В ответ на такие суждения князь Василий только головой кивнул.

— Всякому овощу свое время, — произнес он. — Хорошо, что теперь и стрельцы есть. Буйны они, что говорить, а все-таки сила. Силою же один только ум владеет. Настанет время, когда и сами они пропадут. И так я думаю, что такое время не за горами. Недолговечна правительница. Сам, поди, знаешь, не по дням, а по часам растет богатырем нарышкинец-то. Мало времени пройдет — и придется правительнице ему царство сдать. А уж он-то и не с одними стрельцами управится.

— А скажи мне, княже вот ежели бы, к примеру сказать, Петр-то Алексеевич царем стал? Был бы ты ему слуга, или нет? — спросил Шакловитый.

— Был бы! — без всякого раздумья ответил князь Василий. — Не за страх, а за совесть был бы, хоть и не люб мне. Ведь все же он — царь над Русью венчанный.

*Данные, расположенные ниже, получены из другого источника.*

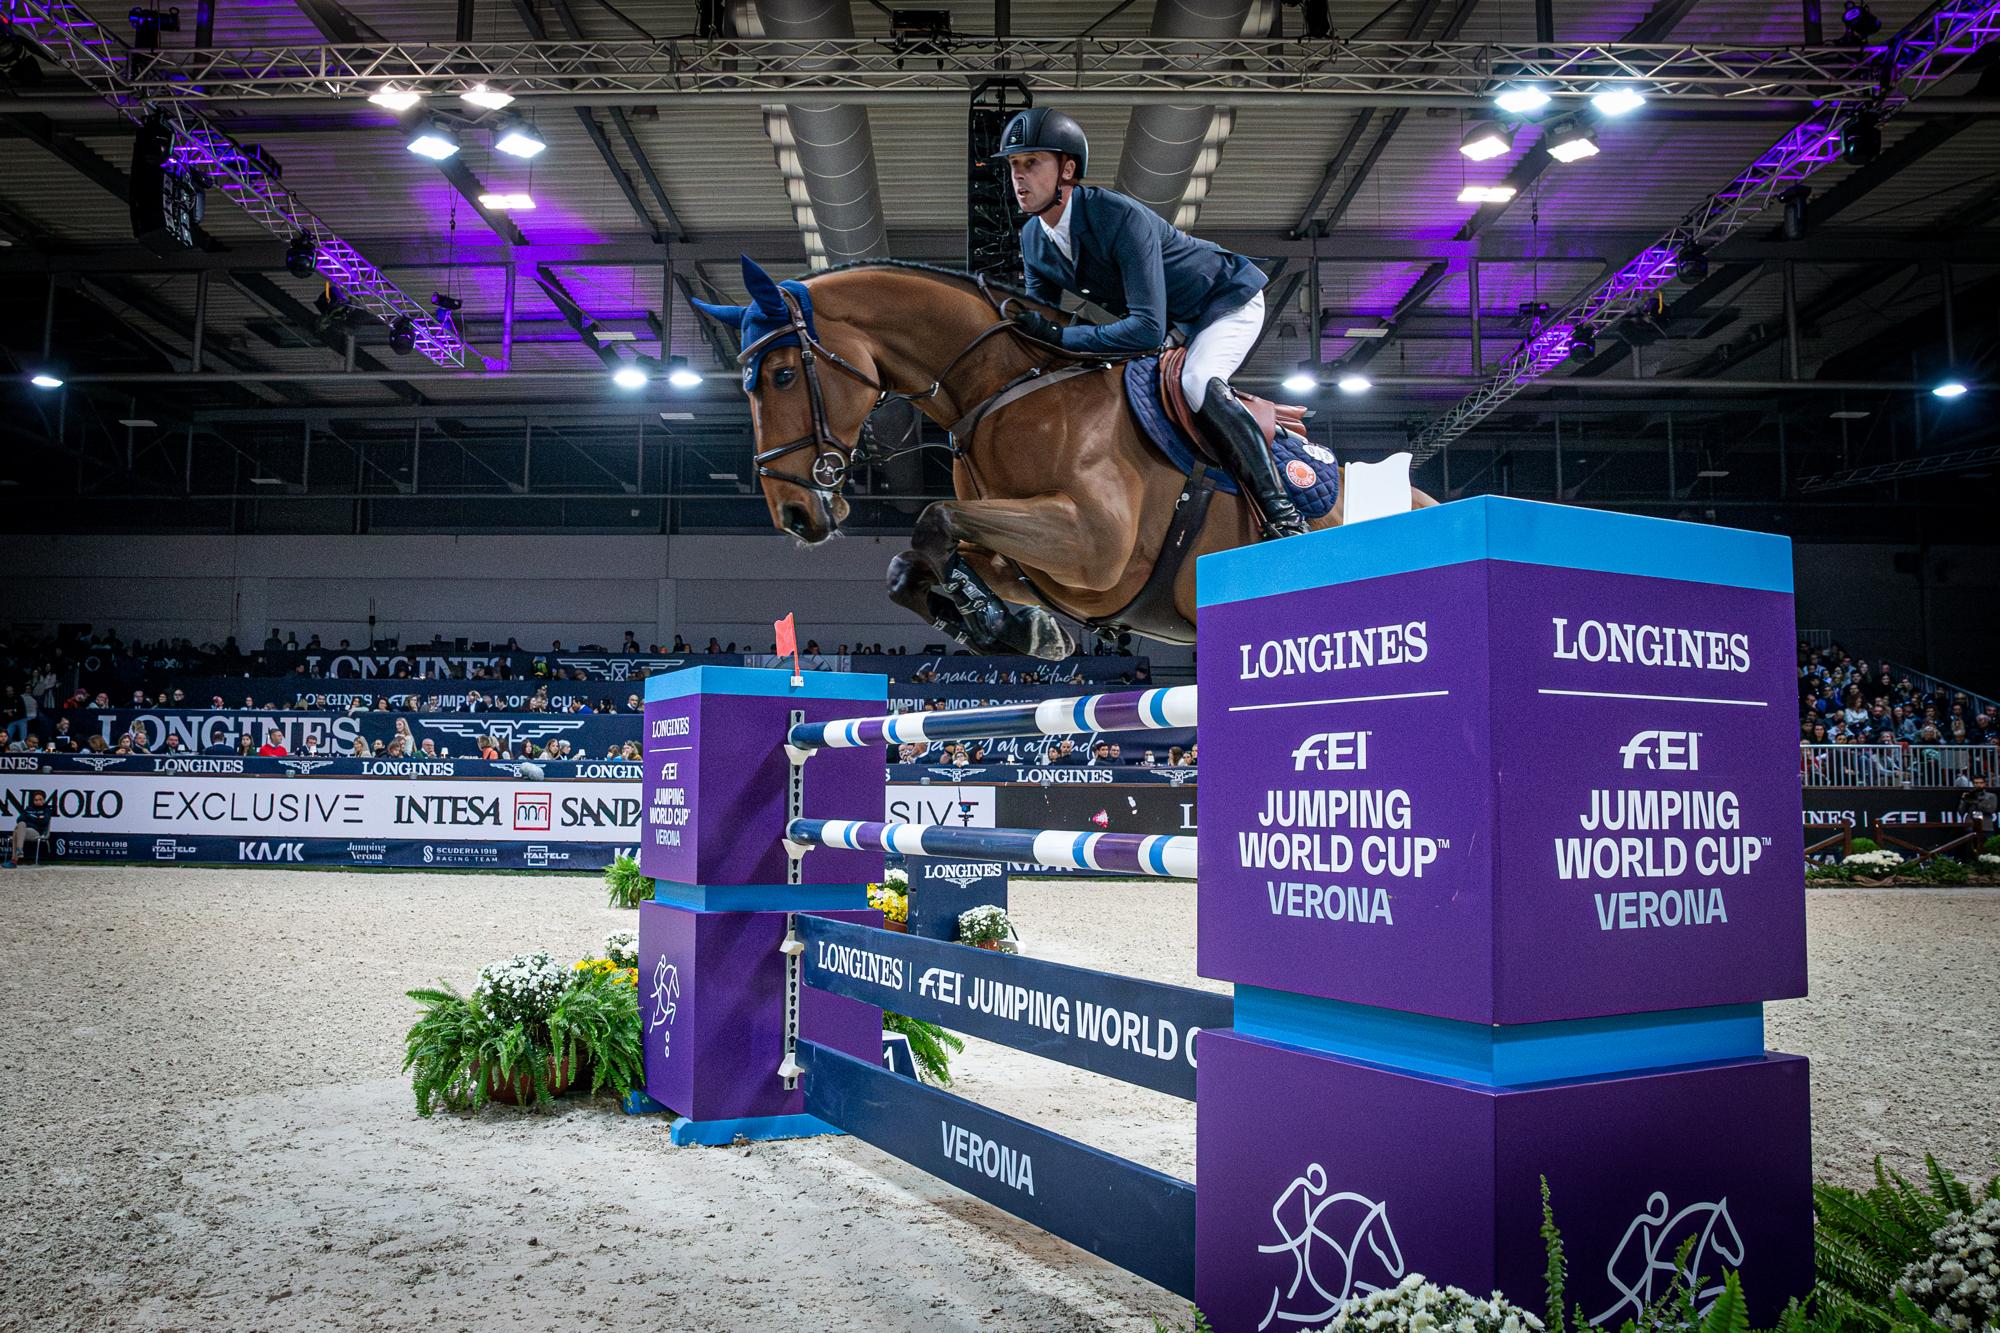 Ben Maher: "Marcus just got me there at the last jump I think!"

В князе Василии Васильевиче уже сказывался будущий дипломат, умеющий заглядывать за завесу грядущего.

 

XXX

НА ПУТИ К ПЛАХЕ

Вся московская знать двинулась в Воздвиженское, как только стало известно, что царевна Софья там будет справлять свои именины. По дороге в тихое, мало посещаемое село потянулись длинные обозы; с утра до ночи, а то и ночью, видны были колымаги, окруженные вершниками, слышались непрерывные крики, брань, понукание, и уже одно это должно было бы показать князю Хованскому, что затеянное им дело потерпело полнейшую неудачу.

Однако, старый Тараруй все еще не хотел сдаваться; он никак не мог поверить тому, что его тайные замыслы могли быть раскрыты. Он не допускал мысли, чтобы кто-либо мог прознать его сокровенные тайны, а все то, что пока произошло, еще отнюдь не составляло, по его мнению, никакого преступления, в котором можно было бы обвинить его. Такие мути и гили, как вызванная им, и раньше того не раз бывали в Москве; задорность и буйность стрельцов были хорошо известны, а он ничем не проявил себя — ни подстрекательством к мятежу, ни даже попустительством на него. Да и мятежа-то никакого не вышло, все обошлось тихо. А злые языки мало ли что говорить могут? Их мерзкого бреханья не переслушаешь.

Так думал Хованский, и женской придурью, то есть капризом, объяснял себе желание царевны отпраздновать именины не в столице, а в далеком подмосковном селе. Наконец, видя, что все отъезжают из Москвы в Воздвиженское, князь Иван Андреевич решил и сам поехать вместе со старшим сыном, князем Андреем.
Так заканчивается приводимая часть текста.